While one can calculate positive and negative likelihood ratios for a dichotomous CPR, multichotomous CPRs do not have a single cut-off. Instead, the preferred measure of diagnostic accuracy for multichotomous tests and CPRs is the stratum specific likelihood ratio, that is, the likelihood ratio associated with each risk group. Because likelihood ratios are a characteristic of the test, in theory they should not vary with changes in disease prevalence (and assuming a generally similar spectrum of disease). Previous meta-analyses have taken one or more of the following five approaches to meta-analysis of a multichotomous CPRs, but all have limitations:
Calculating the area under a summary receiver operating characteristic (ROC) curve, with each study contributing a single sensitivity/specificity pair to the plot;8 9
Reporting calibration as a risk ratio (RR), where a RR >1.0 represents overprediction of the diagnosis, and a RR <1.0 underprediction;10 11
Performing meta-analysis of ROC curves;12
Dichotomising the test, by combining groups until there are only two dichotomous categories with a single cut-off, and then calculating summary measures of sensitivity, specificity and positive and negative likelihood ratio;3 and
Combining the predictive values of an outcome for a risk group using meta-analysis.13
As noted, all of these methods have limitations that affect their interpretability and usefulness. Summary ROC curves are useful for determining discrimination, but do not provide summary estimates of accuracy or calibration. Calibration (the ratio of observed to expected or O:E) is important for evaluating whether a rule is consistent with the performance in the original study, but does not provide an estimate of the likelihood of an outcome for patients in a particular risk group. Meta-analysis of predictive values (the likelihood of disease in a risk group) is inappropriate because predictive values may vary greatly with the underlying prevalence of disease, even if the CPR has the same accuracy as measured by stratum specific likelihood ratios across studies.13 Finally, dichotomising CPRs that have three or more risk groups into two groups in order to calculate summary estimates of accuracy loses information as noted above, and is inconsistent with how the CPR was intended to be used or interpreted. For example, a clinician might ask: how much does having an ABCD score of 4 points increase the likelihood of melanoma, compared with scores of 2 points or 3 points? If scores of 2, 3 and 4 are combined into a single high risk group to dichotomise the risk score, that information is lost.

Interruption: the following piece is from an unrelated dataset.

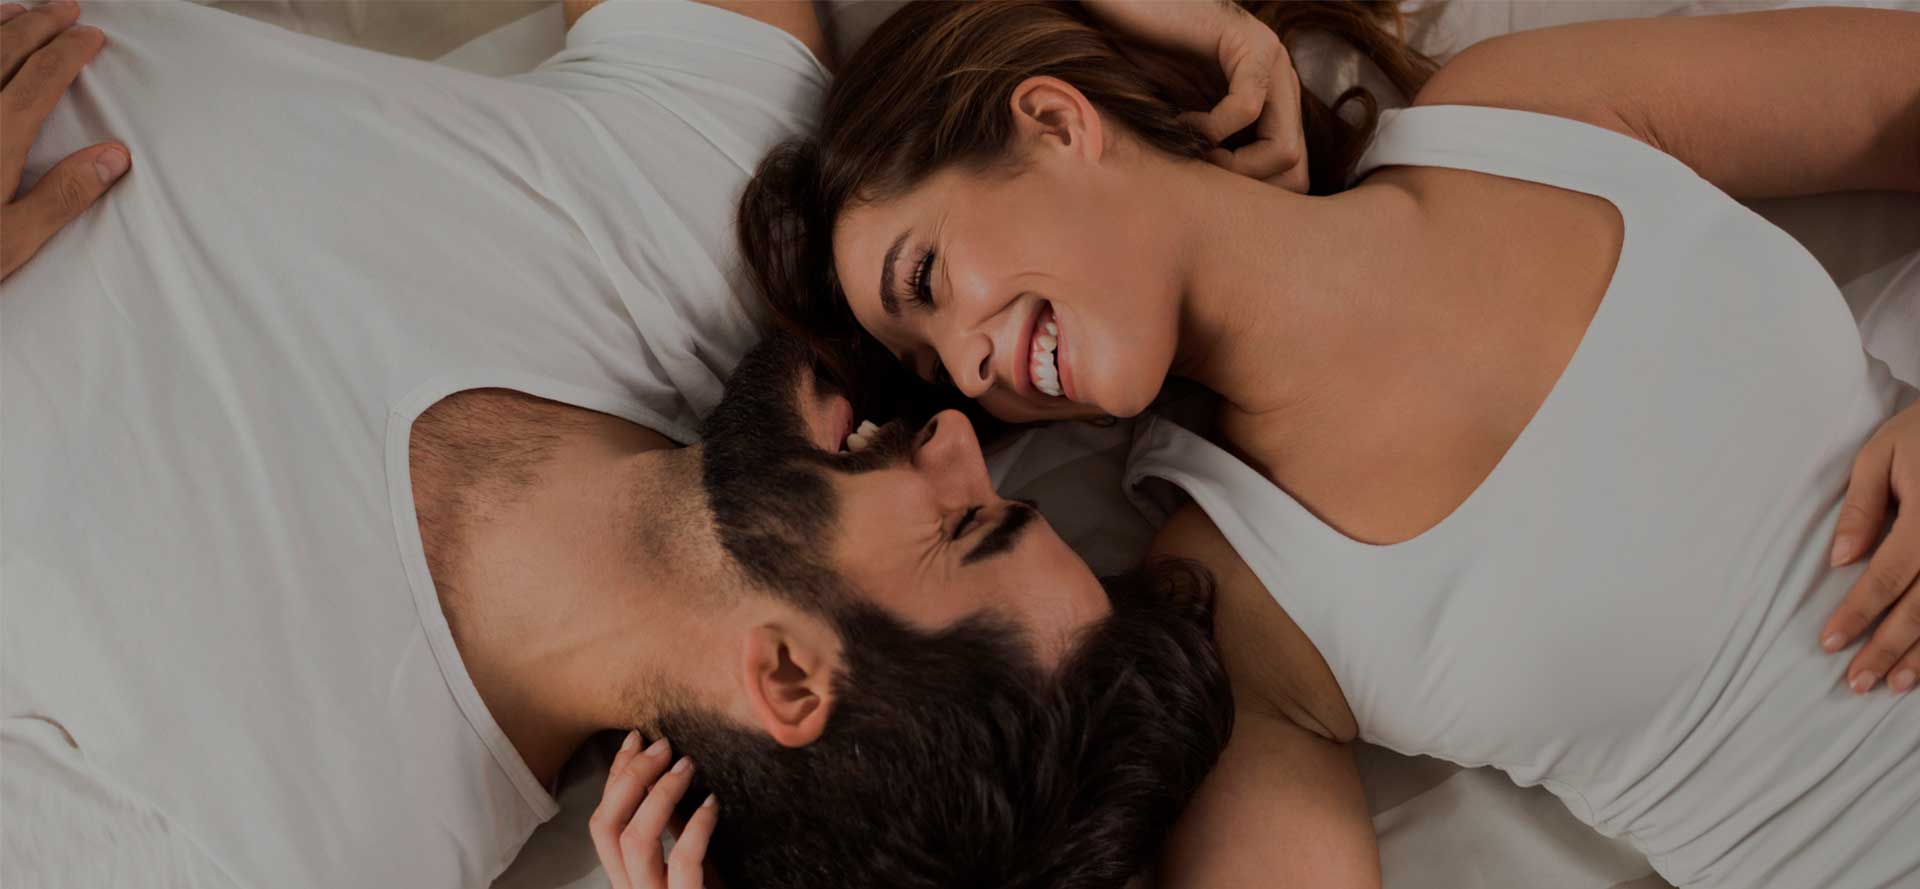 Mies ja nainen makaavat ja nauravat.

In this article, we describe a comprehensive approach to the meta-analysis of multichotomous tests and CPRs. First, we propose a novel approach to the calculation of a summary estimate of the stratum specific likelihood ratio (SSLR) for each risk group of a multichotomous test or CPR. We will also review methods, described in detail by Debray and colleagues,14 15 for the meta-analysis of the area under the receiver operating characteristic curve (AUROCC) to calculate a summary estimate of discrimination and meta-analysis of the ratio of observed to expected outcomes to calculate a summary estimate of calibration. Finally, we apply our approach to meta-analysis of SSLRs to the Cancer of the Prostate Risk Assessment (CAPRA) score for prostate cancer prognosis.
Methods
Calculating summary estimates of stratum specific likelihood ratios
A likelihood ratio (LR) is the likelihood of a test result in patients with the disease divided by the likelihood of the test result in patients without the disease.16 When calculated for a dichotomous test, positive and negative LRs are commonly reported. For a multichotomous test or CPR with more three or more risk categories, each risk category has its own LR, called the SSLR. This section describes development and implementation of a novel approach to the calculation of SSLRs for multichotomous tests.
To calculate summary estimates of the SSLR, we will treat the likelihood ratio as a type of risk ratio, making it possible to adapt methods already developed for meta-analysis of risk ratios in randomised trials. By determining SSLRs, we can then apply them to the overall prevalence of disease in the population and calculate the post-test probability of disease for each risk category using Bayes’ formula. It is important to note that when calculating summary estimates of multichotomous (or dichotomous) tests, it is important that the same cut-offs are used across studies. For example, consistently defining low risk as 0 points, moderate risk as 1 to 2 points and high risk as 3 to 4 points. It would be inappropriate to perform meta-analysis when risk groups are defined differently by different studies.
For a dichotomous test, the LR is calculated as follows, where Pr is probability, T+=positive test result, T–=negative test result, D+ is patients with disease and D– is patients without disease (note that ‘disease’ could represent any outcome predicted by a test or CPR, including death vs survival or treatment benefit vs treatment harm):
LR+=Pr(T+ | D+) / Pr(T+ | D–)
LR–=Pr(T– | D+) / Pr(T– | D–)
For a multichotomous test or CPR, each risk category has its own SSLR; there is no longer a positive and negative LR. For example, if a CPR places patients into low, moderate and high risk groups, the SSLRs are calculated as follows. Note that Tlow risk, Tmoderate risk and Thigh risk are patients classified as low risk, moderate risk or high risk, while D+ is the total number of patients with the outcome and D– is the total without the outcome (for CPRs the outcome being predicted is often the likelihood of disease, hence use of D):
LRlow=Pr(Tlow risk | D+) / Pr(Tlow risk | D–)
LRmoderate=Pr(Tmoderate risk | D+) / Pr(Tmoderate risk | D–)
LRhigh=Pr(Thigh risk | D+) / Pr(Thigh risk | D–)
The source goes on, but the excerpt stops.